Strong fundamentals and a diversified economy are keeping concerns at bay in Dubai, despite a potential cooling of investor sentiment across the region and weakening global conditions.
Dubai announced a balanced budget for 2015 at the start of January, as it plans to increase spending by 9% year-on-year, with spending and revenues both projected at Dh41bn ($11.2bn), according to an official statement. The absence of a budget deficit – the first time since the global financial crisis – is expected to boost business activity and further stimulate the economy.
Growth is expected to accelerate in 2015 to reach 4.5%, according to Mohammed Lahouel, chief economist at Dubai’s Department of Economic Development (DED), speaking in December. Real estate, manufacturing and the services sectors will be the largest contributors to growth while estimates for GDP growth in 2014 stand at 4%, slightly lower than the 2013 performance of 4.6%.
Speaking at the release of the UAE Economic Outlook 2015 report, Lahouel added that the sharp drop in oil prices may have mixed effects on the Dubai economy. One benefit may come as transportation costs retreat but the negative impact of lower oil prices may be manifested through lower trade volumes through Dubai, especially driven by oil producers in the Middle East, Africa and Russia.
The Emirate’s lower exposure to hydrocarbons as a source of revenue will help cushion any fall. Unlike its neighbours oil revenue is projected to contribute only 4% of Dubai’s revenues, according to the finance department. At the same time, economic activity ahead of World Expo 2020 has the potential to mitigate falling oil prices, thanks to investments from the private sector, say economists.
Nonetheless, concerns over the impact of oil prices have spilled over into the local stock exchange, with property, banking and transport stocks all plunging. Investors fear that reduced oil and gas revenues may prompt governments and the private sector across the region to scale back investment programmes and spending.
By mid-December the market’s main index had shed all the gains made during the year, having been up almost 60% in May from the opening of trading in January. Analysts felt the sell-off was an overreaction, which would likely result in a correction. Indeed, the Dubai Financial Market General Index (DFMGI) climbed at the end of December.
Restored confidence could see renewed interest in Dubai banking stocks, with the emirate’s lenders seen as well capitalised, having booked solid earnings during the year. The banking sector’s outlook for 2015 is positive, with a report by Moody’s stating that strong growth in Dubai’s diversified economy is likely to fuel expansion of credit demand of 7-10% in 2015.
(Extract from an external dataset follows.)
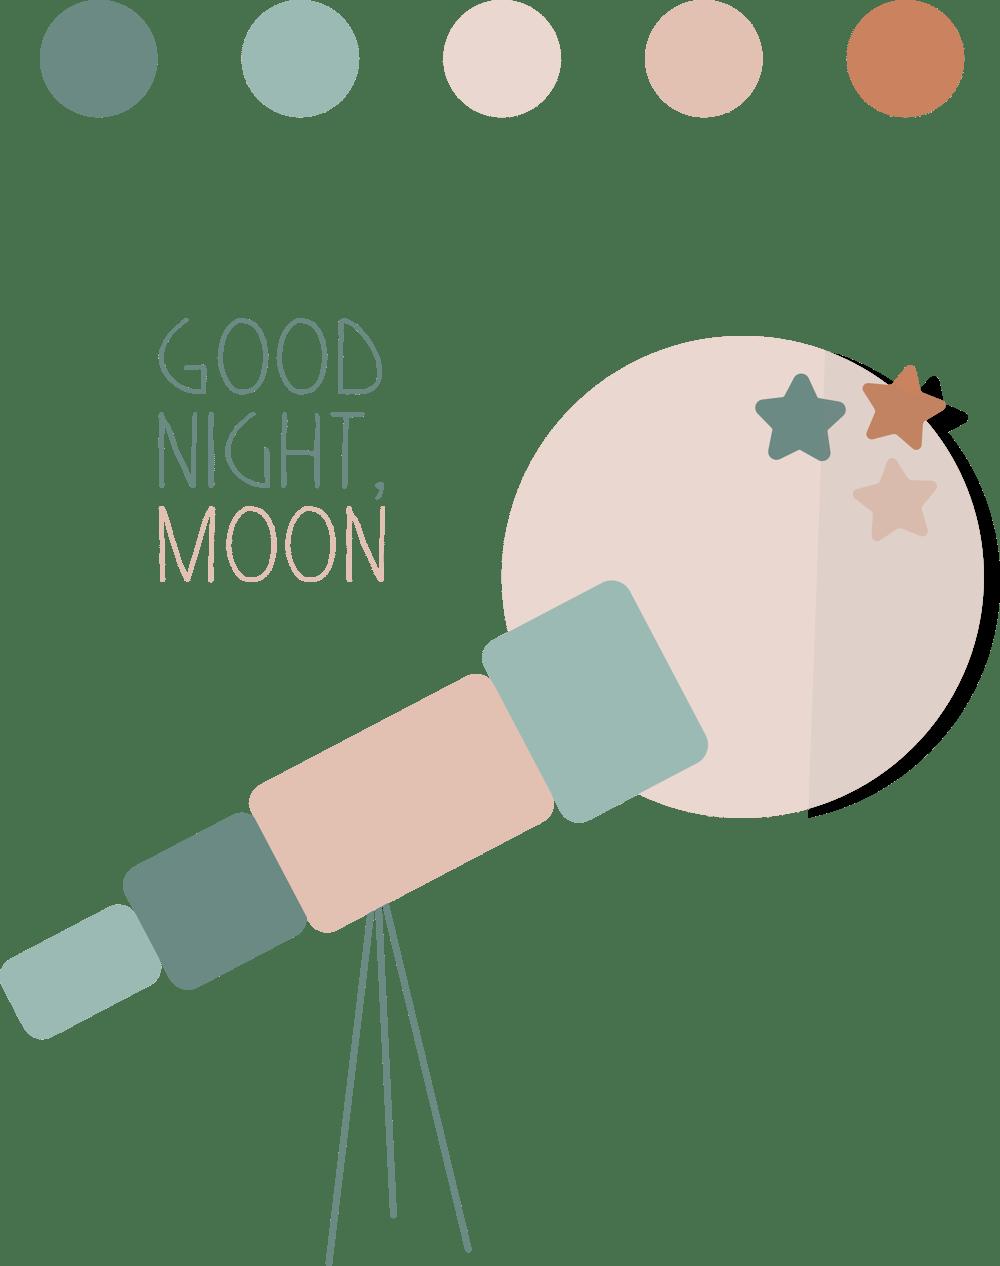 Good night, moon - image 1 - student project

Expanding public transport continues to be a priority for Dubai with 13% of the 2015 budget allocated to infrastructure spending. Extensions to the metro, a new airport and increasing use of marine transport all aim to improve connectivity and promote additional use of public transport.
The government committed to boost state spending by 11% in 2014, with much of the increased outlays directed to new or ongoing infrastructure developments. Tenders for infrastructure developments to be undertaken for the World Expo 2020 are expected to be issued in the first quarter of 2015 with overall investment likely to fall between $6.2bn and $8.7bn, according to officials.
Property market remains strong
The construction and real estate sectors are expected to be drivers of growth in 2015. Real estate prices have surged in the past two years, with average prices climbing 18% in 2014 according to real estate consultant CBRE. Soaring rents and housing costs have been the primary driver of inflation in 2014, according to government officials. This prompted the UAE Central Bank to issue a warning in June of an overheating real estate market and concerns over a property bubble.
However, the market started to cool in the latter half of 2014 with residential sale prices rising just 3% in the third quarter and 2% in the fourth while rental prices were nearly flat, after rising 7% throughout the year, said CBRE in December. According to data issued by real estate consultancy Frank Knight, mainstream residential prices eased by 5.2% in the third quarter for properties under Dh10m ($1.4m).
In the office segment, rents rose 44% in the 12 months to mid-December, according to real estate firm Cluttons. The increased costs were fuelled by rising demand, led by strong interest from companies in banking and financial services, real estate and aviation, said the firm. There was also increased demand for industrial and warehouse space, with costs rising at leading industrial sites across the emirate, with year-on-year rents up by almost 30%.
Even though concerns over oil prices continue to worry investors, Dubai has started the year with reassurance that its economy is in a strong position to ride out any potential obstacles in 2015.